On August 29, 2005, Martins responded to a report of an assault at the Laticrete Industries building in Bethany, Connecticut. (Def.’s Local R. 56(a)l Stmt. ¶4.) Martins, who was specifically requested because he was a certified canine handler, arrived at the scene along with several members of the state police. (Id. ¶¶ 2,15.) Understanding that the suspect had brandished a box cutter and then fled from the building into the surrounding wooded area, Martins fitted his dog, Thor, with a tracking harness and pursued the suspect. *222 (Id. ¶¶ 18-19.) Thor found the suspect, Sanabria, near the building and engaged him, biting him on the right arm, and Sanabria was eventually placed under arrest. (Id. ¶¶ 30-37, 47, 60-65.) Plaintiff was hospitalized as a result of his arm injury and subsequently charged with three offenses; he later pleaded guilty to one count of interfering with a police officer in violation of Connecticut General Statutes § 53a-167a. (Id. ¶¶ 40-41, 75.) During the plea hearing in which Sanabria acknowledged his guilt, the prosecutor provided the following factual basis for the plea:

Police were called to this gentleman’s place of business in Bethany. It was a fight between himself and Mr. Torres. When they attempted [to] apprehend both of them, Mr. Torres was, apparently, compliant. Mr. Sanabria ended up taking off and they ended up chasing him through the woods. There was a dog with them. The dog ended up finding Mr. Sanabria.

(Plea Hr’g Tr., Sept. 12, 2005, 4:6-15, Def.’s Ex. I.) Sanabria confirmed the accuracy of this account. (Id. 5:27-6:3.)

The Plaintiff subsequently filed this civil action, alleging that Martins used unconstitutionally excessive force in the course of bringing him into custody. According to Sanabria, the critical facts of the encounter between him, the Defendant, and Thor are as follows:

[Sanabria] has testified under oath that he complied with the defendant’s command to show his hands. The plaintiff further testified that despite his immediate compliance, the defendant officer gave a command to the canine, which resulted in the attack which is the subject of this lawsuit. The plaintiff was not actively resisting arrest, nor was he otherwise not compliant with the defendant’s commands. A jury may indeed find that under the context of these facts, the defendant’s actions were indeed excessive.

(Pl.’s Opp’n at 6; see also Am. Compl. ¶¶ 6-11.)
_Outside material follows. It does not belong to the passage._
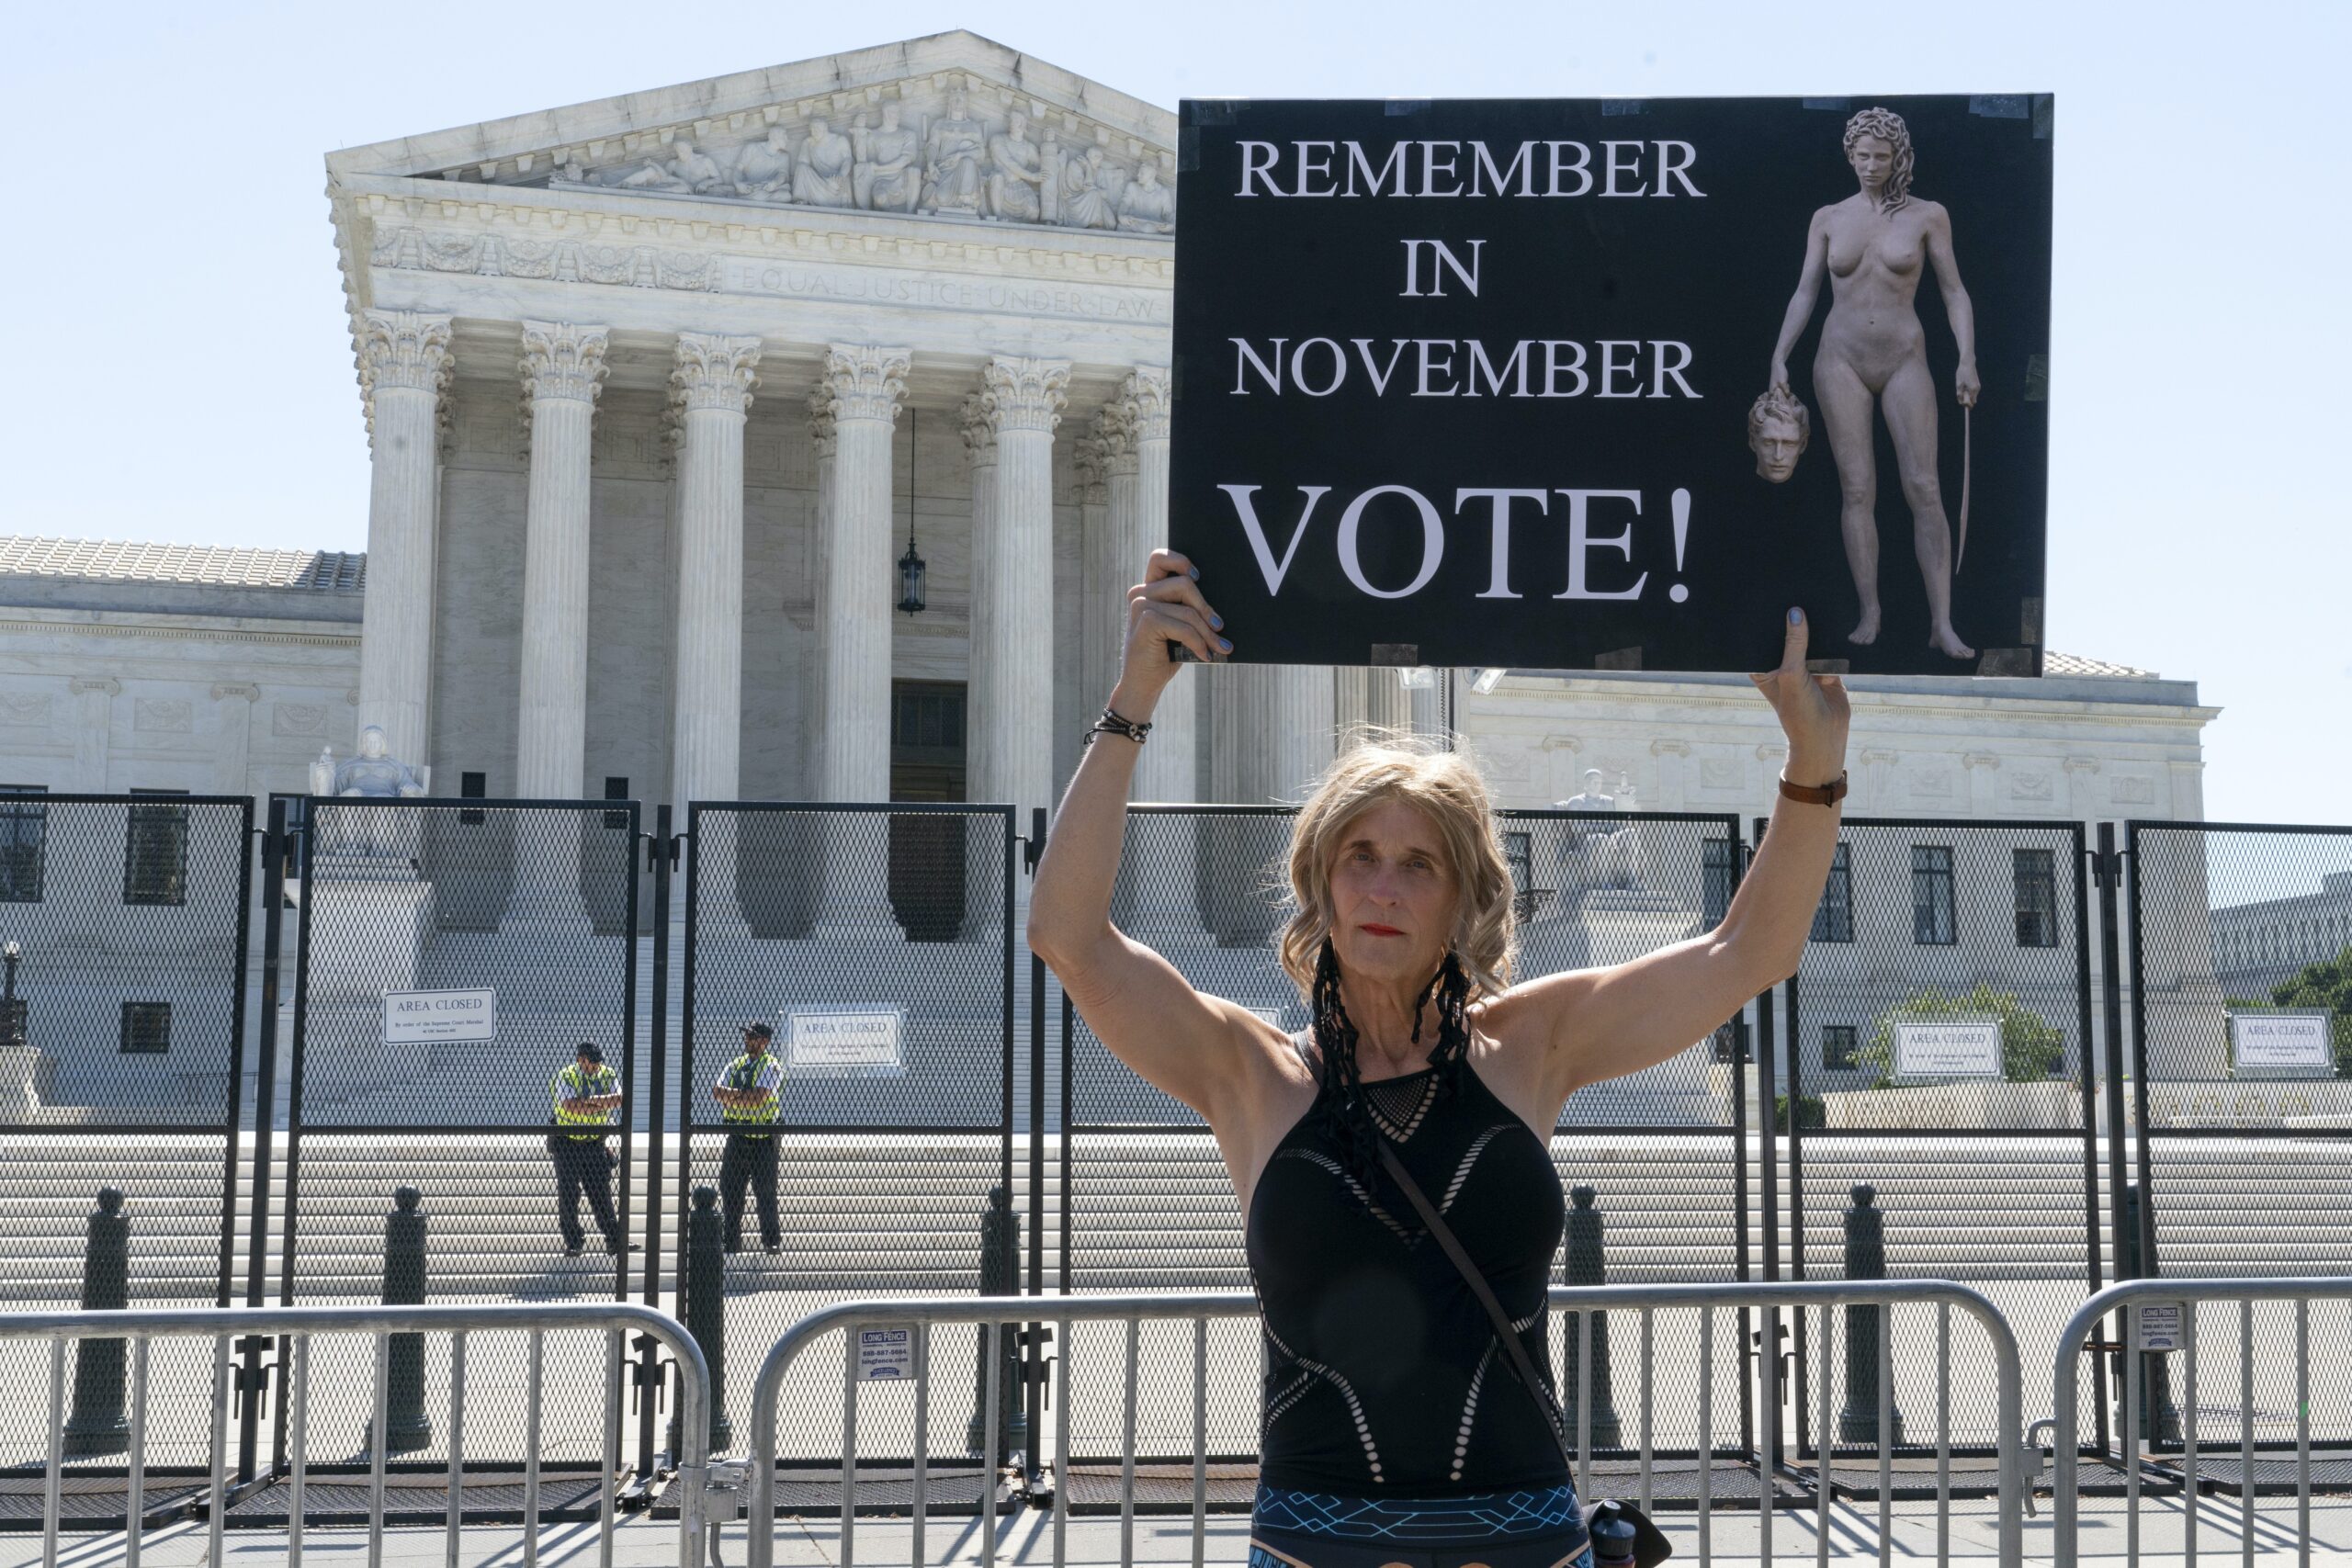 The right to abortion is among the top issues on the ballot in several states. (AP Photo/Jacquelyn Martin, File)

II. Motion for Summary Judgment

A. Summary Judgment Standard

Summary judgment is appropriate where the record after discovery “show[s] that there is no genuine issue as to any material fact and that the movant is entitled to judgment as a matter of law.” Fed.R.Civ.P. 56(c). An issue of fact is “material” if it “might affect the outcome of the suit under the governing law,” and is “genuine” if it could lead “a reasonable jury could return a verdict for the nonmov-ing party.” Anderson v. Liberty Lobby, Inc., 477 U.S. 242, 248, 106 S.Ct. 2505, 91 L.Ed.2d 202 (1986). In moving for summary judgment against a party who will bear the ultimate burden of proof at trial, the movant “need not prove a negative,” but “need only point to an absence of proof on plaintiffs part, and, at that point, plaintiff must ‘designate specific facts showing that there is a genuine issue for trial.’ ” Parker v. Sony Pictures Entm’t, Inc., 260 F.3d 100, 111 (2d Cir.2001) (quoting Celotex Corp. v. Catrett, 477 U.S. 317, 324, 106 S.Ct. 2548, 91 L.Ed.2d 265 (1986)). The non-moving party, in order to defeat summary judgment, must then come forward with evidence that would be sufficient to support a jury verdict in his or her favor. Anderson, 477 U.S. at 249, 106 S.Ct. 2505. But if the record as a whole, viewed in the light most favorable to the non-moving party, “could not lead a rational trier of fact to find for the nonmoving party, there is no genuine issue for trial,” and summary judgment should follow. Matsushita Elec. Indus. Co. v. Zenith Radio Corp., 475 U.S. 574, 586-87, 106 S.Ct. 1348, 89 L.Ed.2d 538 (1986) (quotation marks omitted).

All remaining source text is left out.